Once in the open air her full hearing returned. It helped too that the front room was colder than it had been only a few minutes before. One of the big windows had been smashed, that was all. It made the light come in and dance with fury, varied colors a sudden spectacle, on all the shards of broken glass, on walls, even on the lone face of the young and slender woman in black who worked for the gallery owner, and whose face, Seema was glad to see, was free of blood and unwounded. But the fat man in the grey suit and the mustache, though he was well too, had blood on his hands and was standing near the doorway, shouting down. The boy was cowering and brown at the entrance, his faded white T-shirt streaked with blood. Without thinking, Seema ran forward, realizing quickly, with a surprising surge of joy, that he was still alive. She pushed aside the gallery owner and instructed him to go call 911.
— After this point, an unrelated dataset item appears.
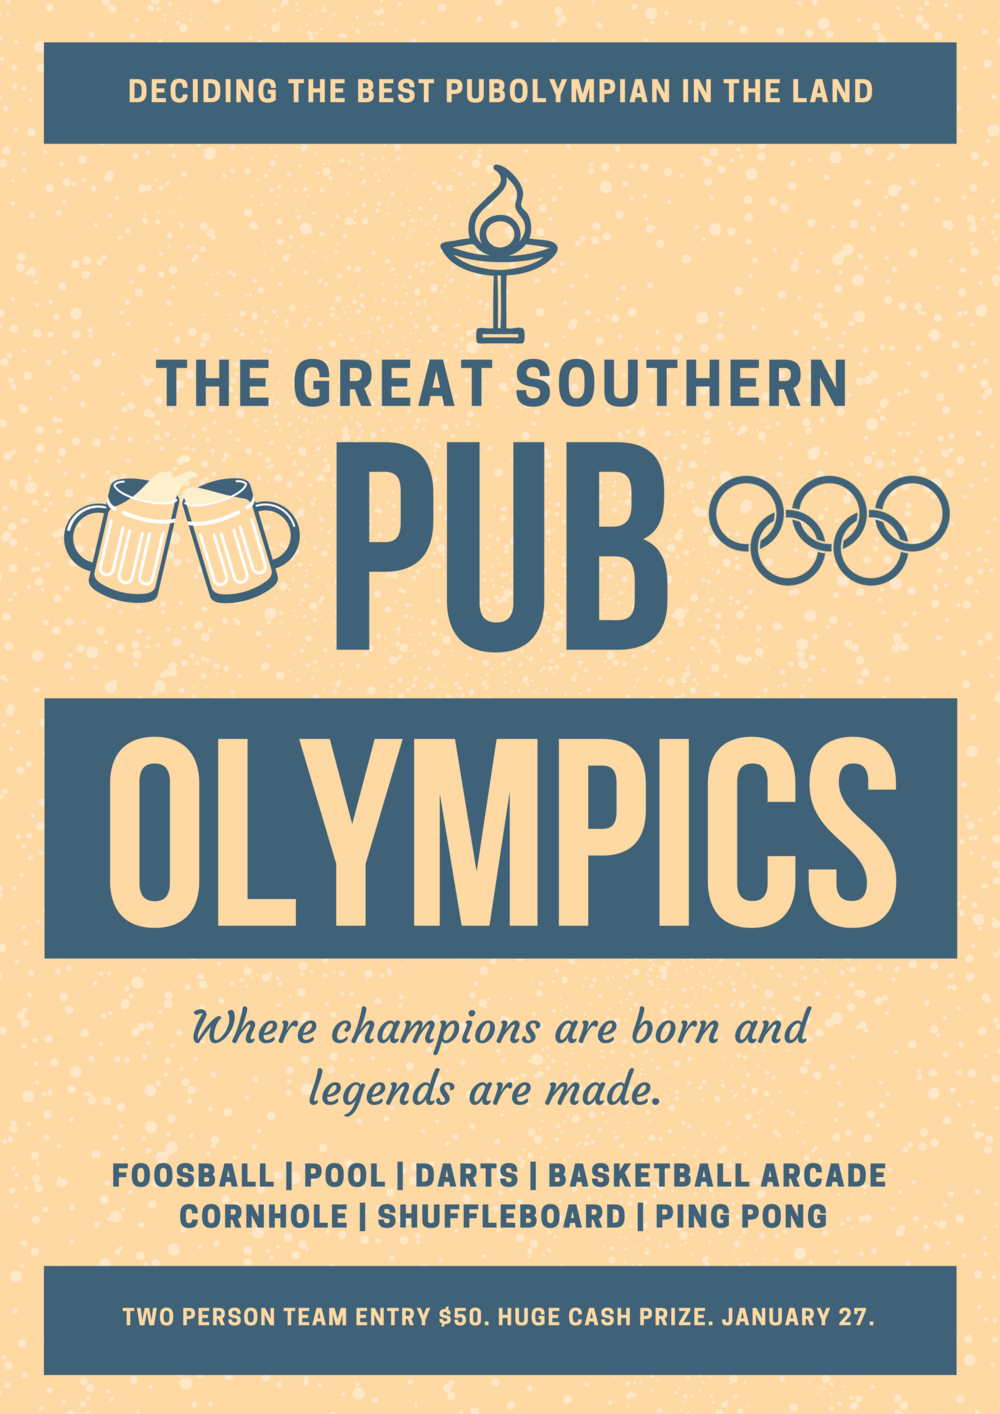 Pub Olympics-2.png

Seema held the boy, who could have been no more than ten, precisely in the way that she’d been taught. He breathed, he moved. Then one by one she asked him all the questions she still carried in her heart, though she had not been in a hospital for years. Palpated, checked, confirmed, counted. Saw he was fine, though his face, arms and hands were bloodied by the glass, with most of the cuts at least appearing to be superficial lac’s, one or two better with sutures. Learned how lucky everyone had been, that the firecracker he and his friend were playing with had gone off suddenly when he’d thrown it, but only broken the window and taken no life, damaged no sculptures or paintings. Severed no fingers. “But it sounded exactly like a bomb,” the owner shouted. “Why would you bring fireworks here? Why on earth would anyone,” repeating the phrase, over and over, over the phone with the police, until Seema asked him to please lower his voice and bring some gauze and bandages.
“What is your name?” the boy asked. His lashes were fluttering black brushstrokes. His friend had disappeared long before the police and the ambulance came. He seemed alone, refused to answer when they’d asked about parents. By then Seema had a bedsheet around him, the kind used to cover paintings that were in a state of repair.
There was confusion everywhere, police sirens blaring, people talking loudly into walkie-talkies, the street cordoned off so all the glass could be cleaned off the road. Seema helped the boy into the ambulance. Settled into the space next to him, nodding at the paramedics that she was riding along, without consciously deciding to. Finally, she whispered her name in the boy’s ear. She didn’t mind, not even a little, that he would likely forget it.